Design considerations for a system for photocatalytic hydrogen production from water employing mixed-metal photochemical molecular devices for photoinitiated electron collection.

Supramolecular complexes coupling Ru(II) or Os(II) polyazine light absorbers through bridging ligands to Rh(III) or Ir(III) allow the study of factors impacting photoinitiated electron collection and multielectron water reduction to produce hydrogen.
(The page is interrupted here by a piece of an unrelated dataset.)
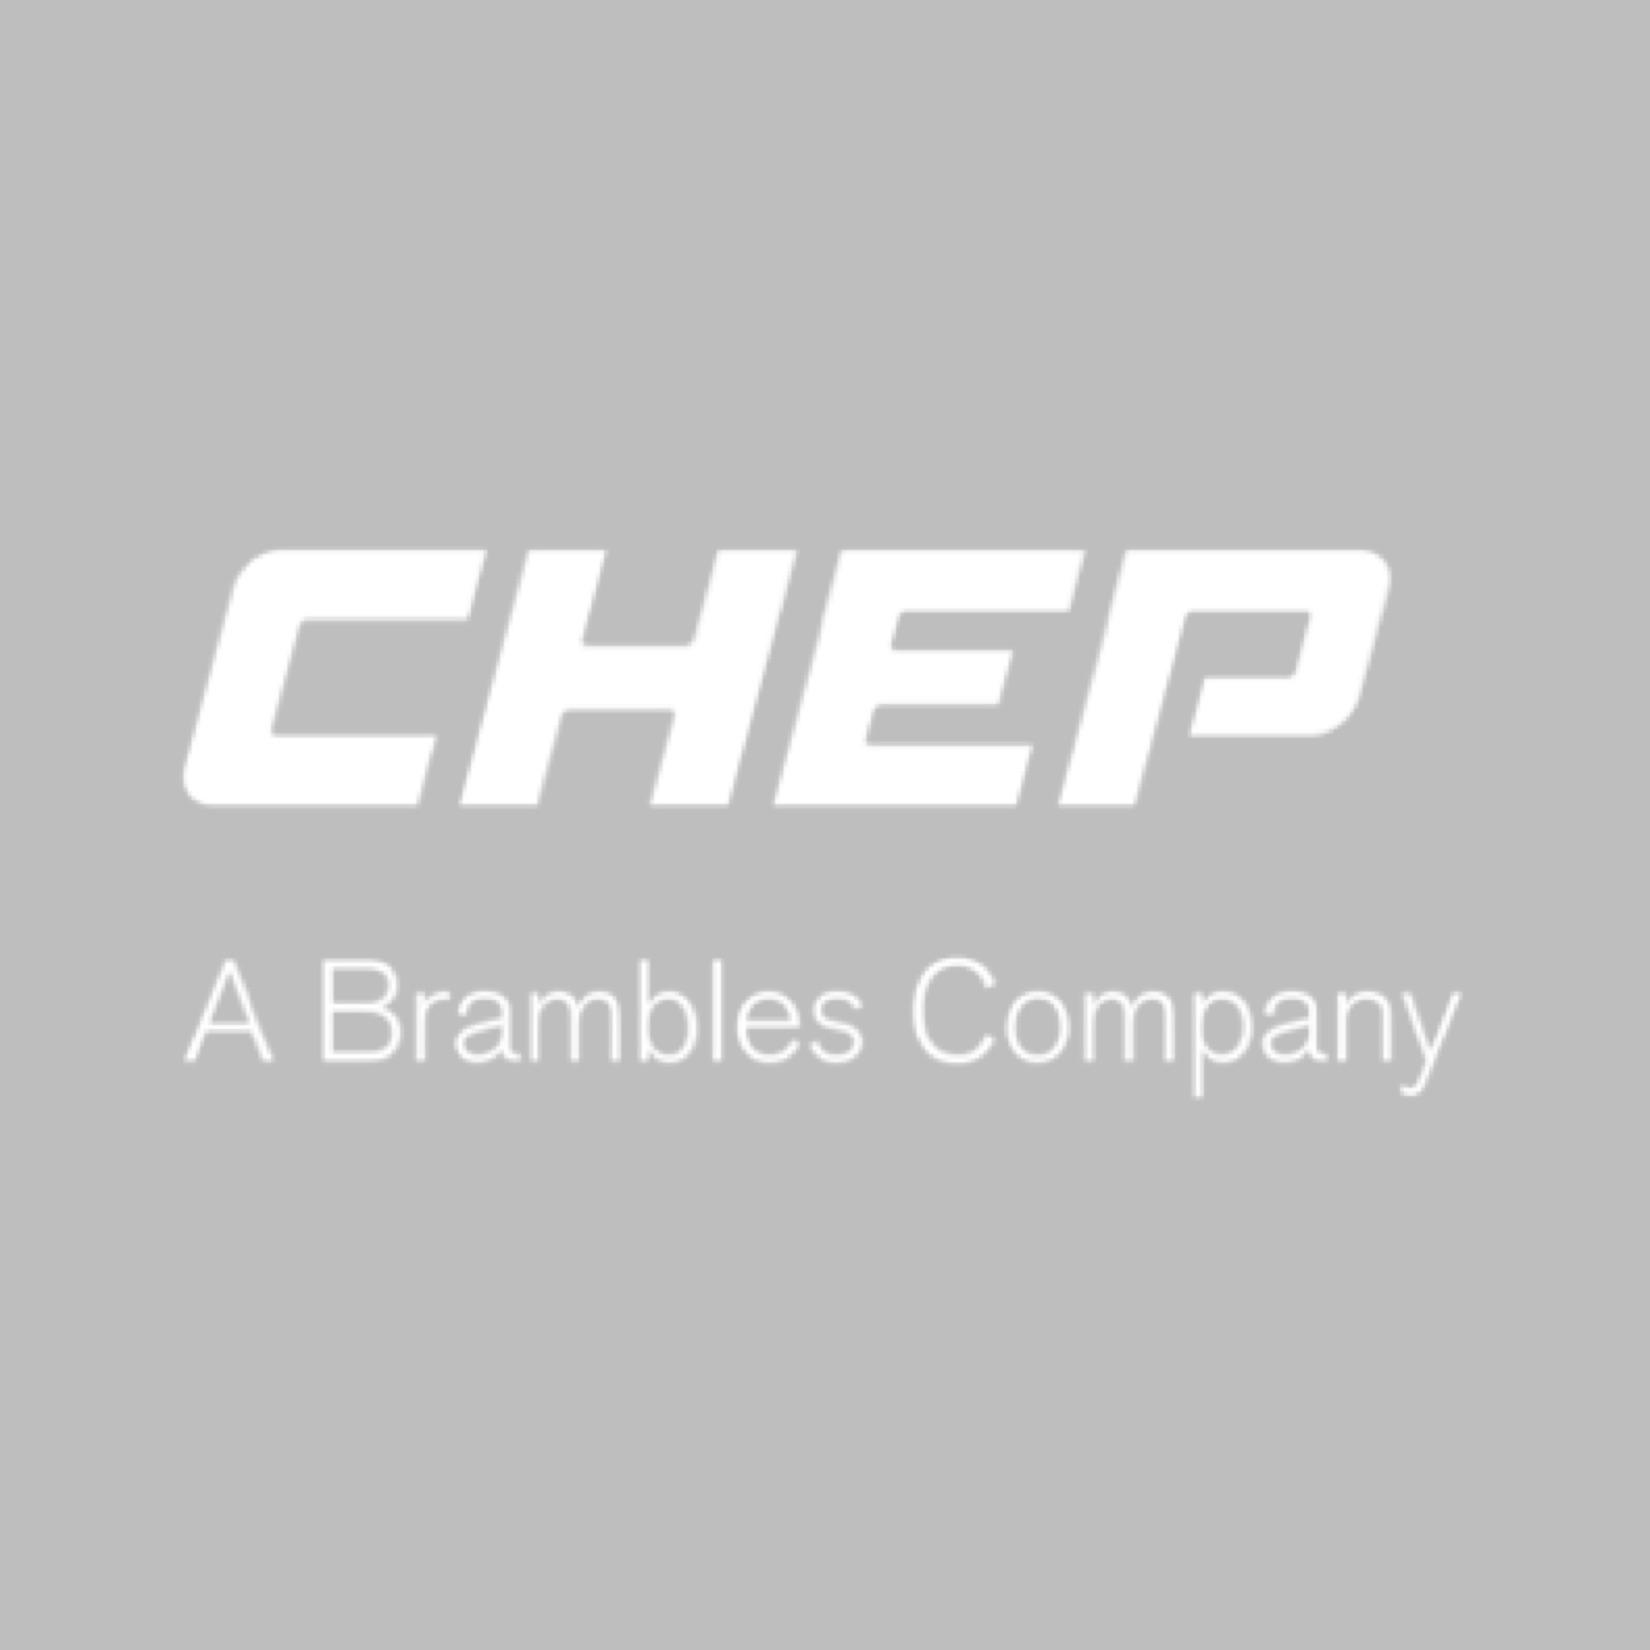 APG-CHEP.jpg

The {(bpy)(2)Ru(dpb)}(2)IrCl(2)(5) system represents the first photoinitiated electron collector in a molecular system (bpy = 2,2'-bipyridine, dpb = 2,3-bis(2-pyridyl)benzoquinoxaline). The {(bpy)(2)Ru(dpp)}(2)RhCl(2)(5) system represents the first photoinitiated electron collector that affords photochemical hydrogen production from water in the presence of an electron donor, N,N-dimethylaniline (dpp = 2,3-bis(2-pyridyl)pyrazine). The complexes {(bpy)(2)Ru(dpp)}(2)RhCl(2)(5), {(bpy)(2)Ru(dpp)}(2)RhBr(2)(5), {(phen)(2)Ru(dpp)}(2)RhCl(2)(5), {(bpy)(2)Os(dpp)}(2)RhCl(2)(5), {(tpy)RuCl(dpp)}(2)RhCl(2)(3), {(tpy)OsCl(dpp)}(2)RhCl(2)(3), and {(bpy)(2)Ru(dpb)}(2)IrCl(2)(5) are herein evaluated with respect to their functioning as hydrogen photocatalysts (tpy = 2,2':6',2''-terpyridine, phen = 1,10-phenanthroline). With the exceptions of {(bpy)(2)Ru(dpb)}(2)IrCl(2)(5) and {(tpy)OsCl(dpp)}(2)RhCl(2)(3), all other complexes demonstrate photocatalytic activity. The functioning systems possess a rhodium localized lowest unoccupied molecular orbital that serves as the site of electron collection and a metal-to-ligand charge-transfer ((3)MLCT) and/or metal-to-metal charge-transfer ((3)MMCT) excited-state with sufficient driving force for excited-state reduction by the electron donor. The lack of photocatalytic activity by {(bpy)(2)Ru(dpb)}(2)IrCl(2)(5), although photoinitiated electron collection occurs, establishes the significance of the rhodium center in the photocatalytic system. The lack of photocatalytic activity of {(tpy)OsCl(dpp)}(2)RhCl(2)(3) is attributed to the lower-energy (3)MLCT state that does not possess sufficient driving force for excited-state reduction by the electron donor. The variation of electron donor showed the photocatalysis efficiency to decrease in the order N,N-dimethylaniline > triethylamine > triethanolamine. The general design considerations for development of supramolecular assemblies that function as water reduction photocatalysts are discussed.